Brief:
Reproduce the listing that follows in full. Omit its images.

Recorded information:
________________________

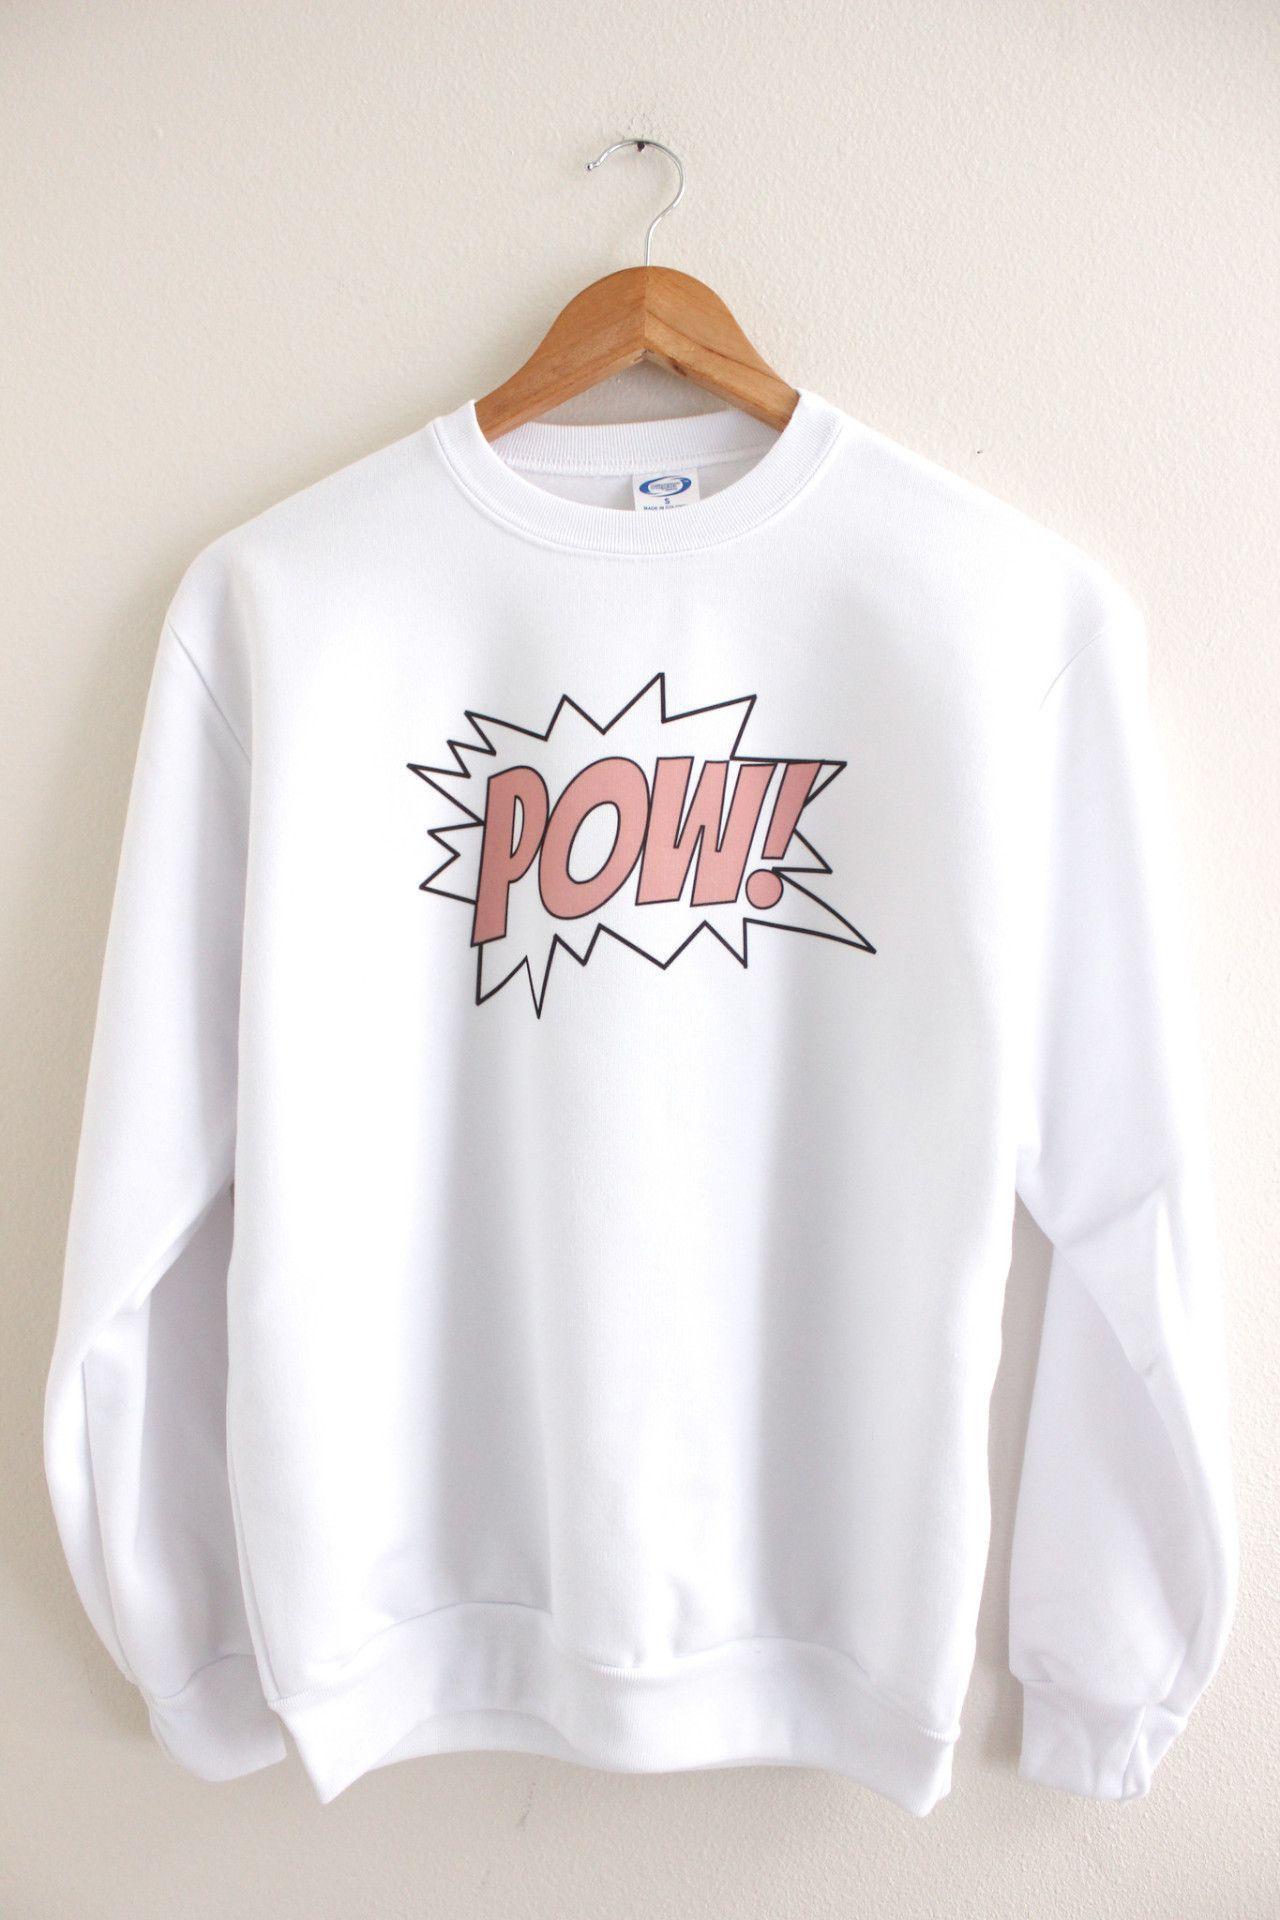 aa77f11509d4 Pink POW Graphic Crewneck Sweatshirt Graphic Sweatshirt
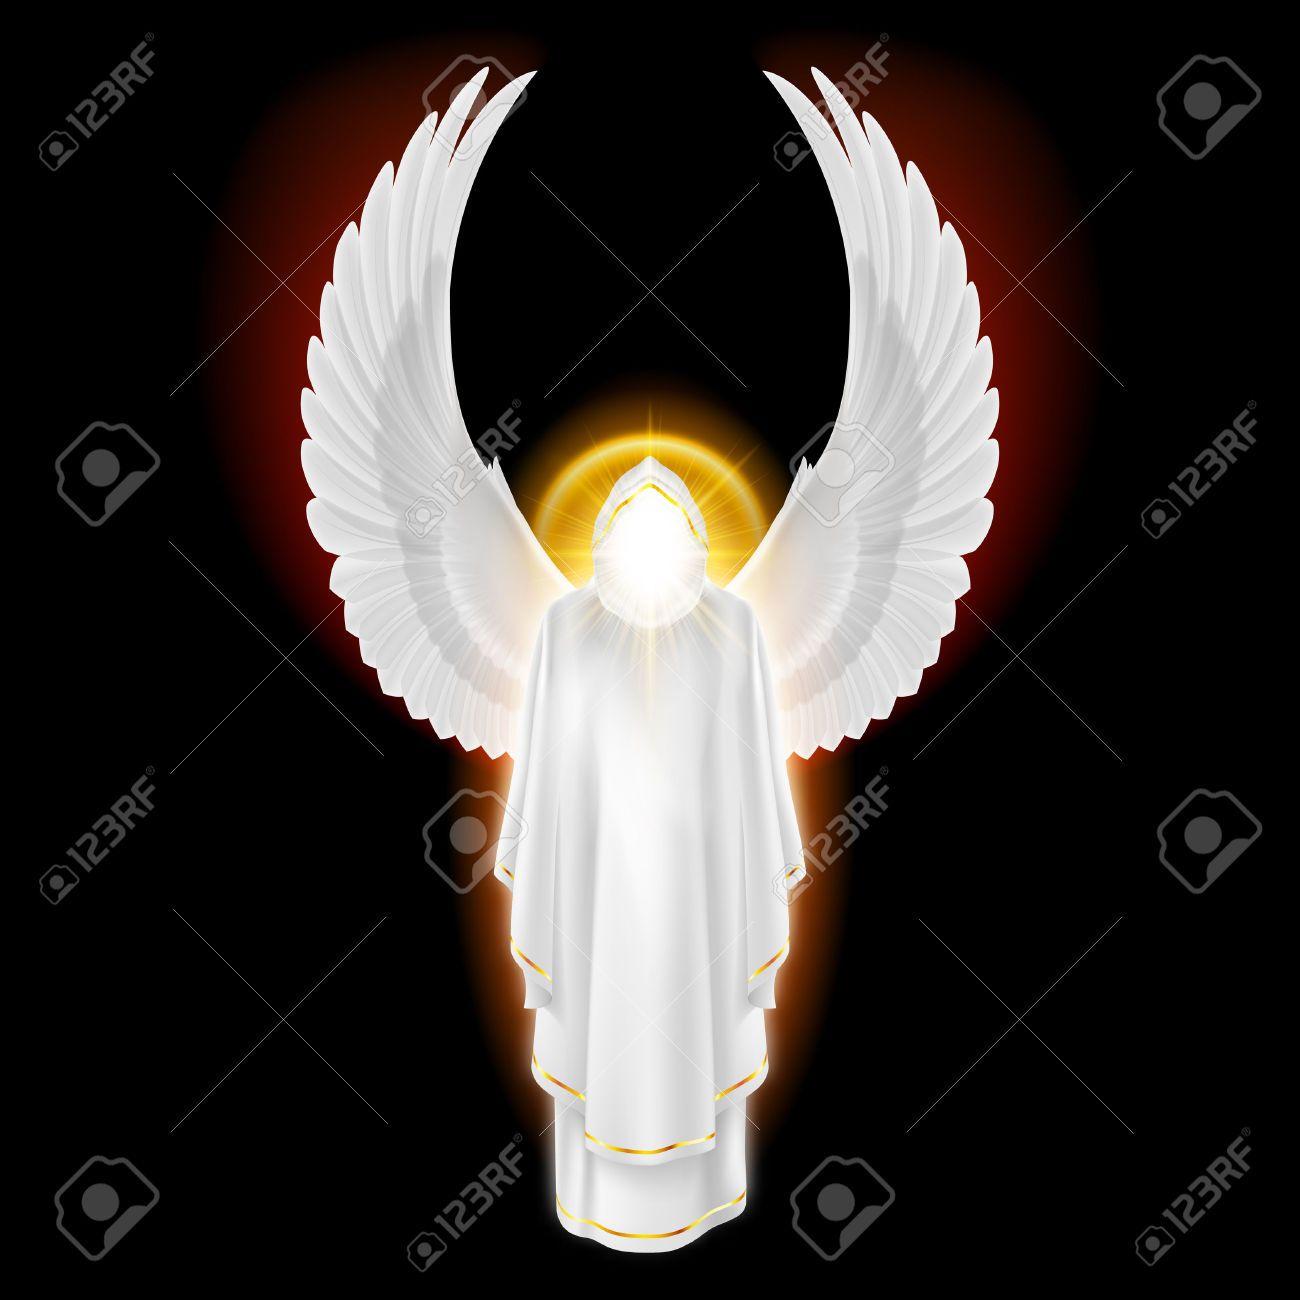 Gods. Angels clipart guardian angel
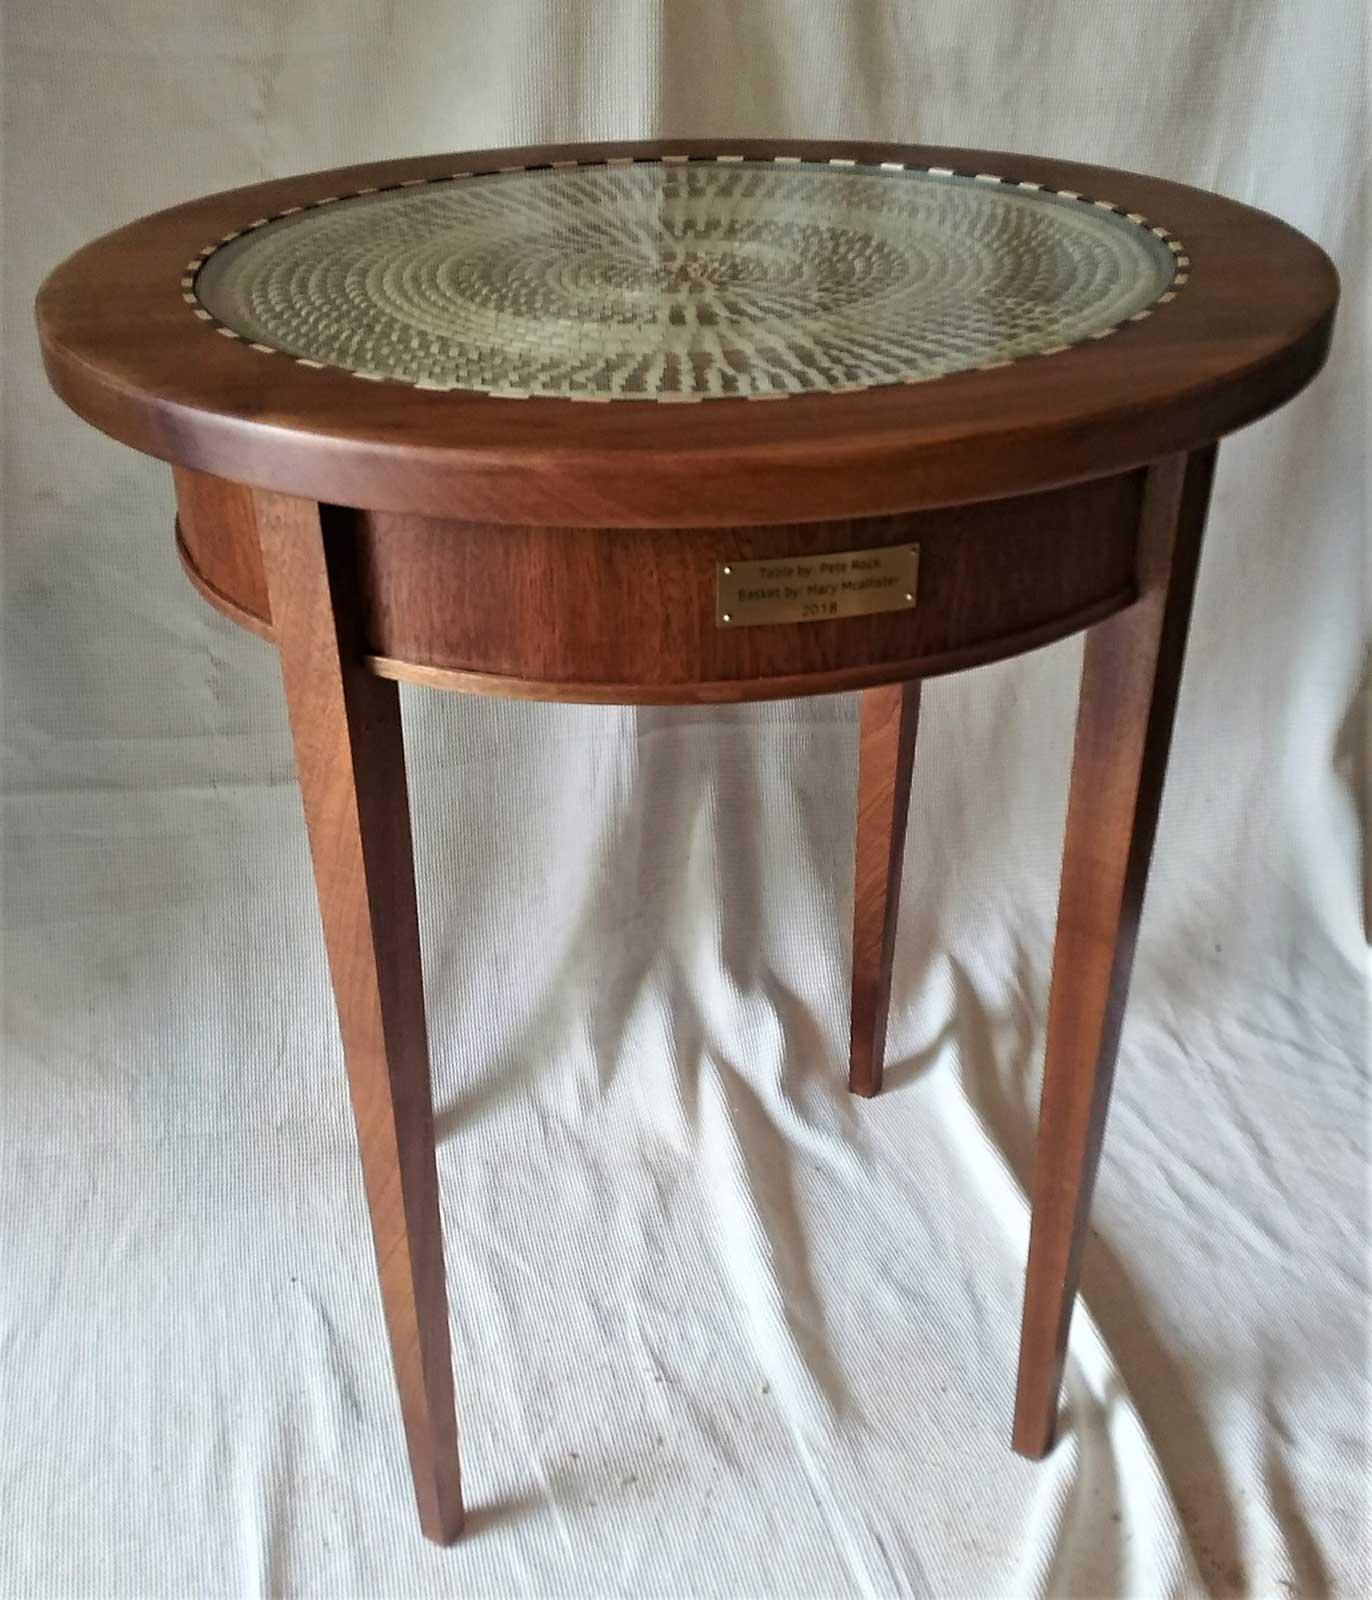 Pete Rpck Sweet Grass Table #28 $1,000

________________________

Exercise response:
 aa77f11509d4 Pink POW Graphic Crewneck Sweatshirt Graphic Sweatshirt
 Gods. Angels clipart guardian angel
 Pete Rpck Sweet Grass Table #28 $1,000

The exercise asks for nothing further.